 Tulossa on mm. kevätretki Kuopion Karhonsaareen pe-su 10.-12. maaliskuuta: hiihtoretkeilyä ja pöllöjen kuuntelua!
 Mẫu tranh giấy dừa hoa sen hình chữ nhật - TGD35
● ● ●
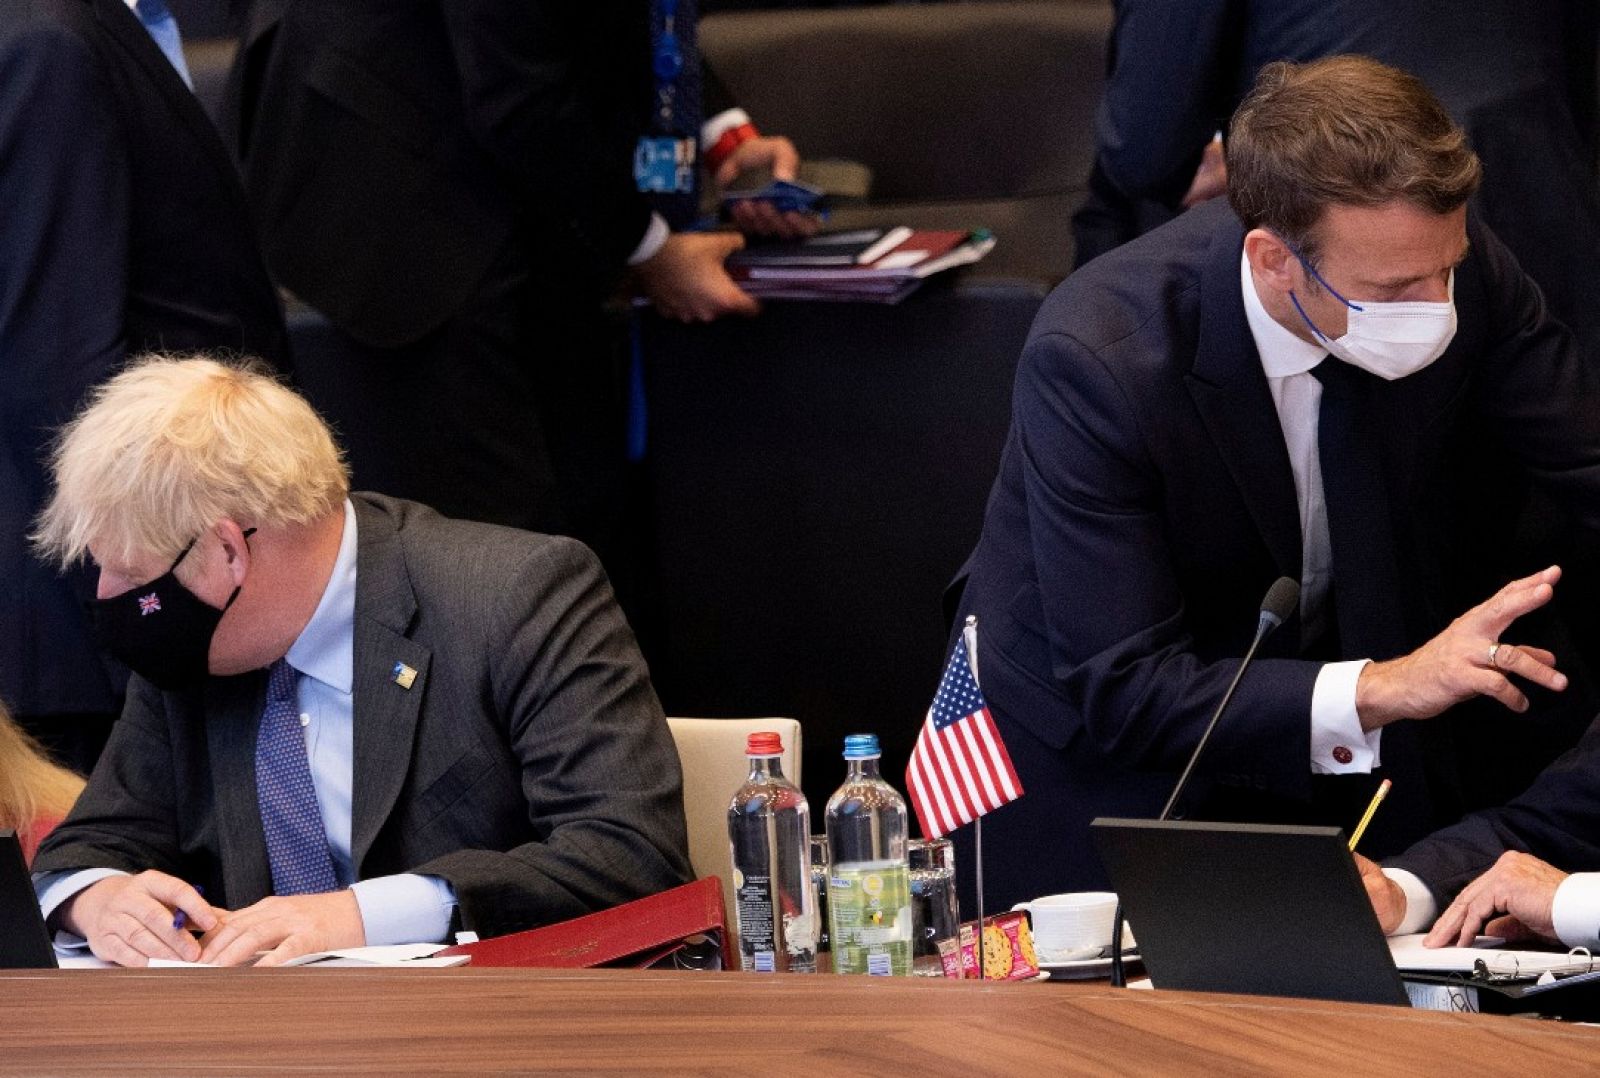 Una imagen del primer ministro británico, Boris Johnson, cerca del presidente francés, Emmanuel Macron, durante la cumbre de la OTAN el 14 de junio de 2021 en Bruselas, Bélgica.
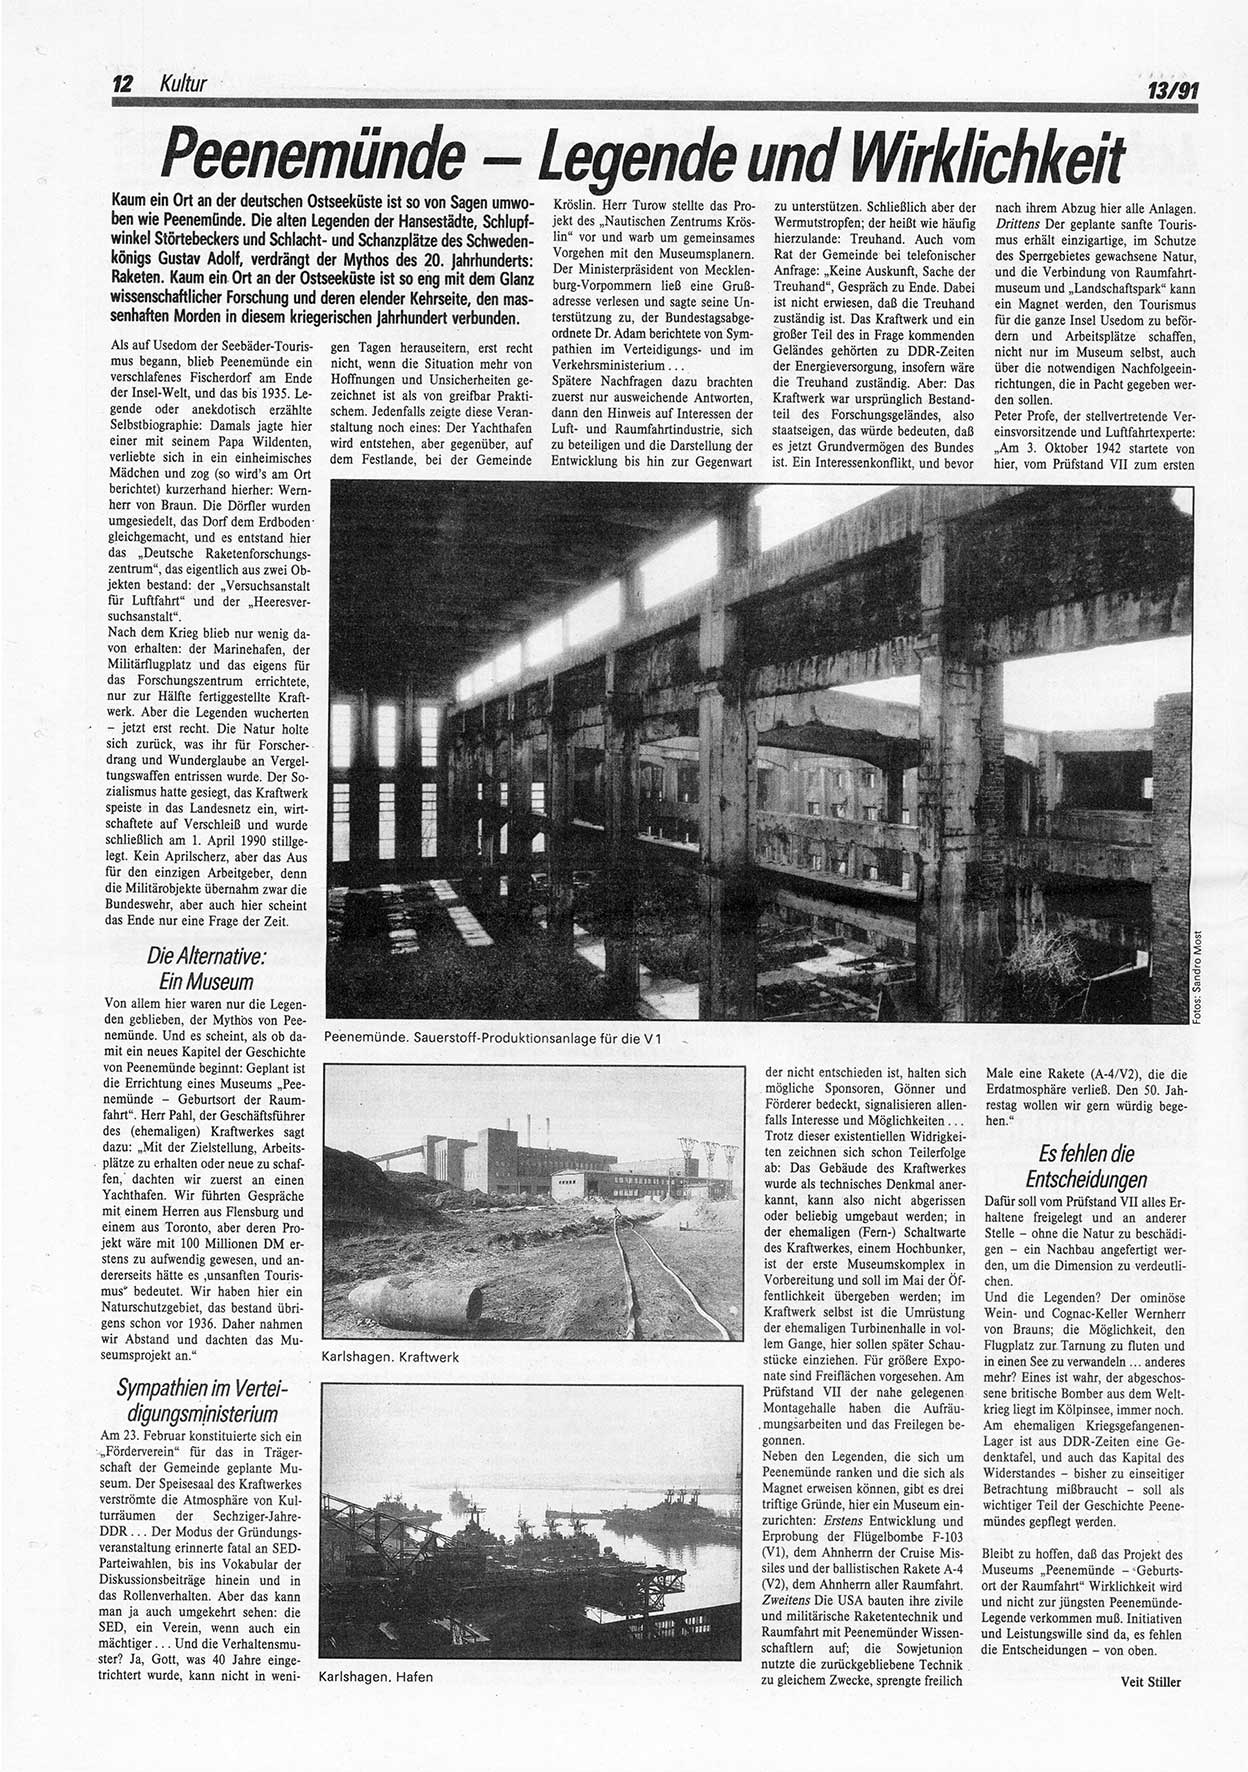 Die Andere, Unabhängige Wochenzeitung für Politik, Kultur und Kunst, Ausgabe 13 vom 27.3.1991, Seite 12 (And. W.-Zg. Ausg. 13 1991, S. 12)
● ● ●
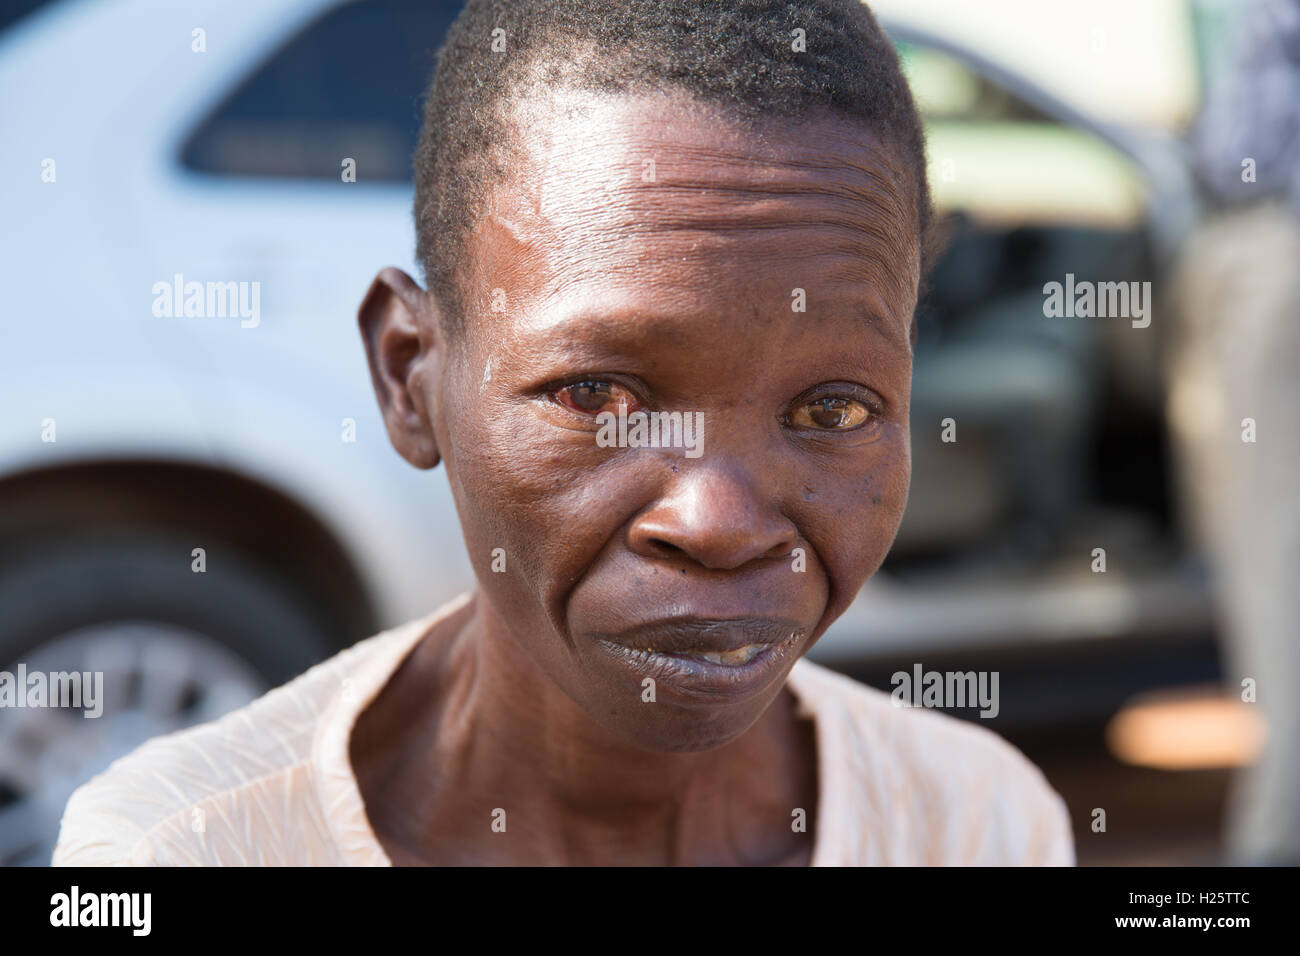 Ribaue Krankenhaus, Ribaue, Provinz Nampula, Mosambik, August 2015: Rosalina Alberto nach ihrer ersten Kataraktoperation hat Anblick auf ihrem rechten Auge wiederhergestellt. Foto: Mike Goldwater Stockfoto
● ● ●
## Exercise brief
In the records above, find the line with "Una imagen del" and the line with "Die Andere, Unabhängige"; please transcribe exactly those two lines and all lines between them, omitting any picture.

## Problem solution
 Una imagen del primer ministro británico, Boris Johnson, cerca del presidente francés, Emmanuel Macron, durante la cumbre de la OTAN el 14 de junio de 2021 en Bruselas, Bélgica.
 Die Andere, Unabhängige Wochenzeitung für Politik, Kultur und Kunst, Ausgabe 13 vom 27.3.1991, Seite 12 (And. W.-Zg. Ausg. 13 1991, S. 12)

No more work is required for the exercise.